A pause. I could hear her breathing. Her breath had a simple, quick cadence to it, like she hadn’t had the time to take a deep breath and let it out in months, maybe years. I could hear her fingers on a computer keyboard.
Then she said, “We should meet.”
“Is talking to me on the phone a problem?”
“I’d prefer to talk face-to-face.”
“You just said you might put a warrant out on me. I think I prefer a little distance, for the time being.”
“I’m not after you. Marcus Hayes can rob Fort Knox for all I care. He’s not my case. All I want are the people who turned this city into a bloodbath this morning, so I can go back down to Cape May and salvage what’s left of these shitty two weeks. And considering that burning white Dodge, I think you owe me.”
“I told you, I don’t know anything about that.”
“You want me to go out along the highway or not?”
“All right. Clearly we’re both awake, so let’s meet in the hotel coffee shop in an hour.
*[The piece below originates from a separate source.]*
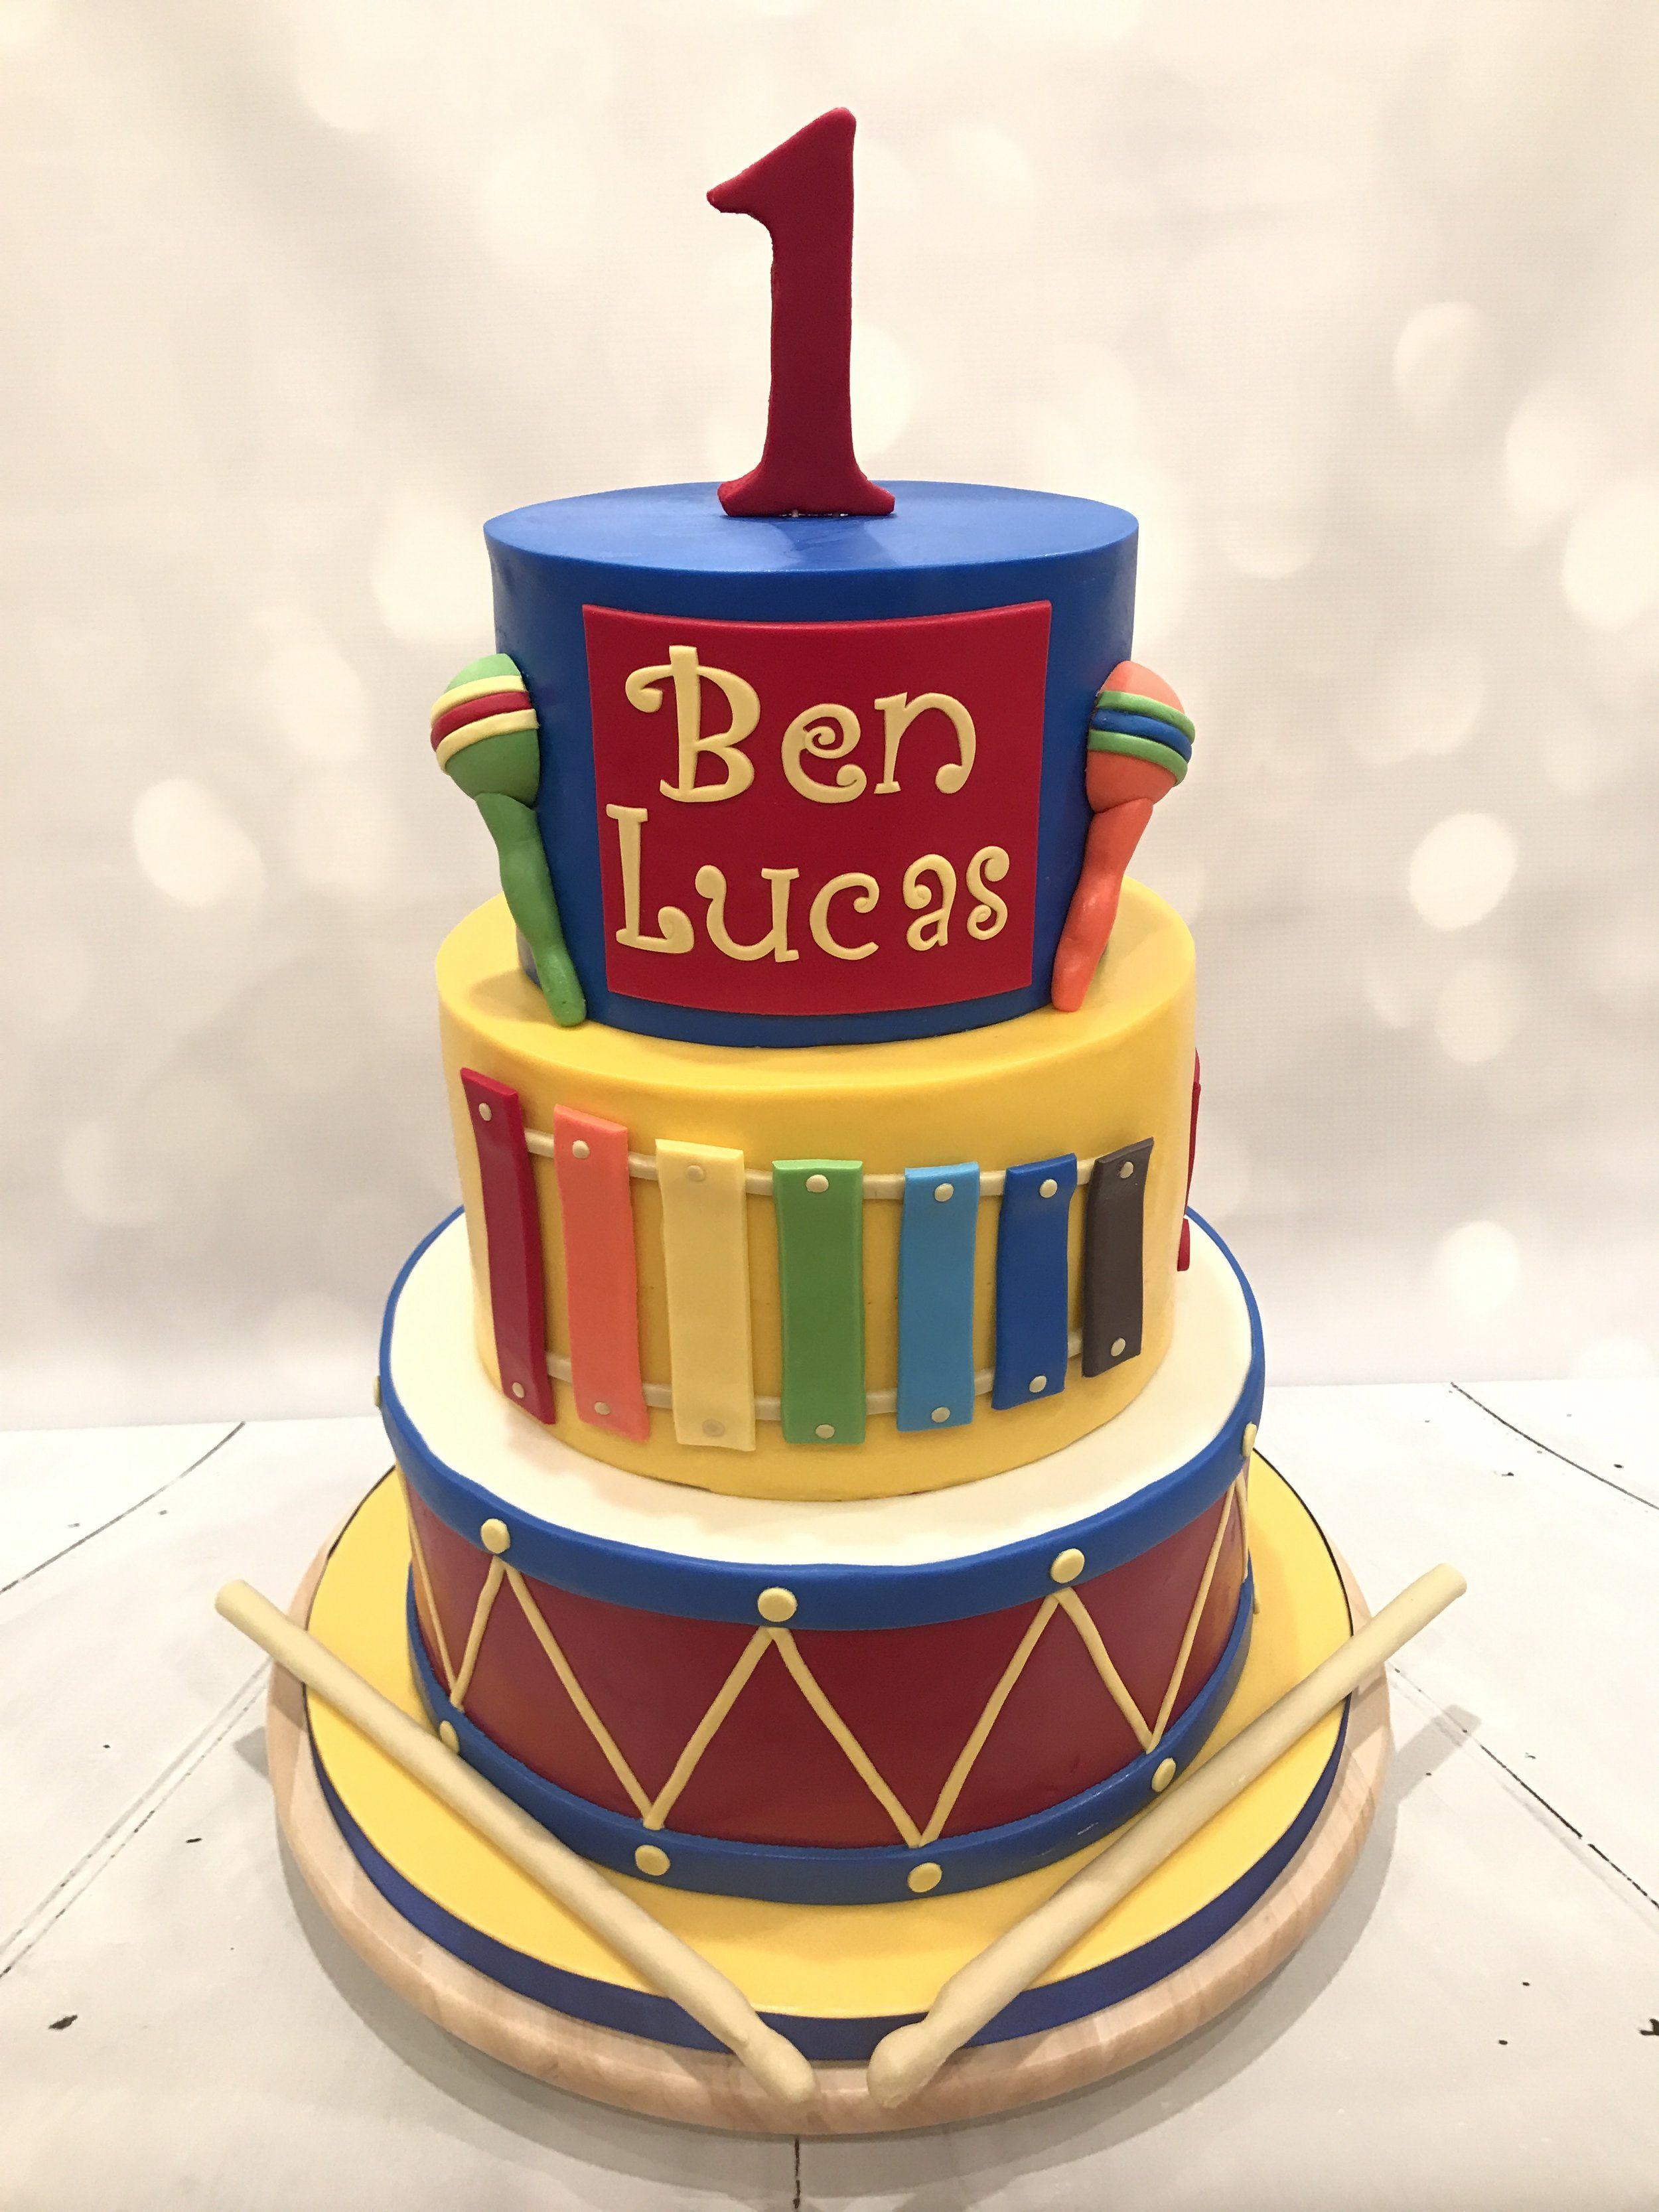 Tremendous Baby Jam Toddler Music Cake With Images Music Birthday Cakes Birthday Cards Printable Benkemecafe Filternl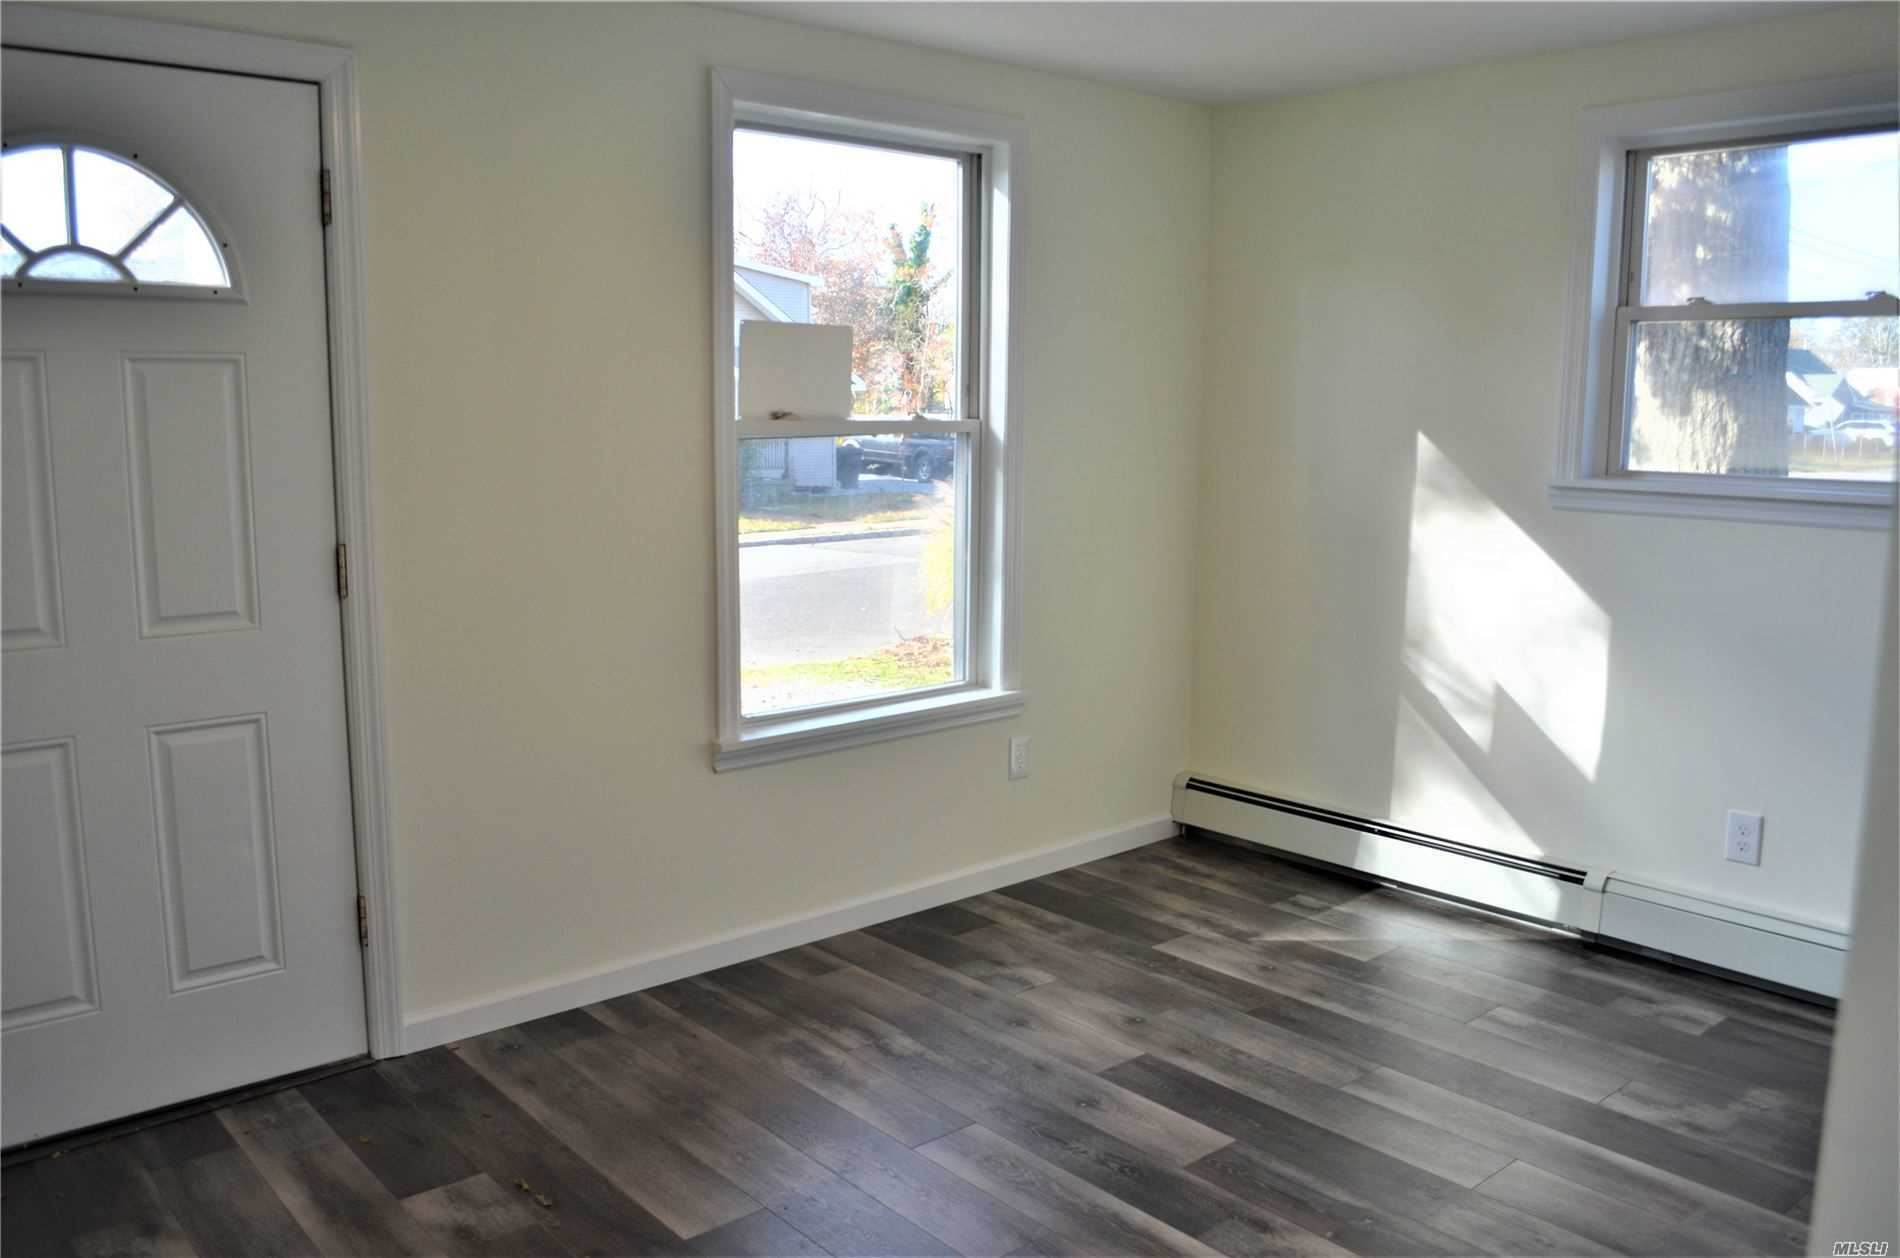 61 Belford, Bay Shore, NY 11706 - MLS#: 3165904

A place like that never closes.”
“Which hotel?”
“You know the one,” I said. “You spent half the night there moving furniture around.”
“Fruitlessly, I might add. You didn’t even take the chocolates off the pillows.”
“How’d you find that room, anyway?”
“I told you,” Rebecca said. “I’m very good at what I do.”
“One hour.”
“See you then.”
I ended the call, then removed the plastic cover from the back of the phone and pulled out the battery. Under that was the SIM card, which gave the phone a number and made records of all the incoming and outgoing calls. I took it out and snapped it in half between my fingers, then flicked the pieces out the window. I looked at my watch. Quarter after 4 a.m.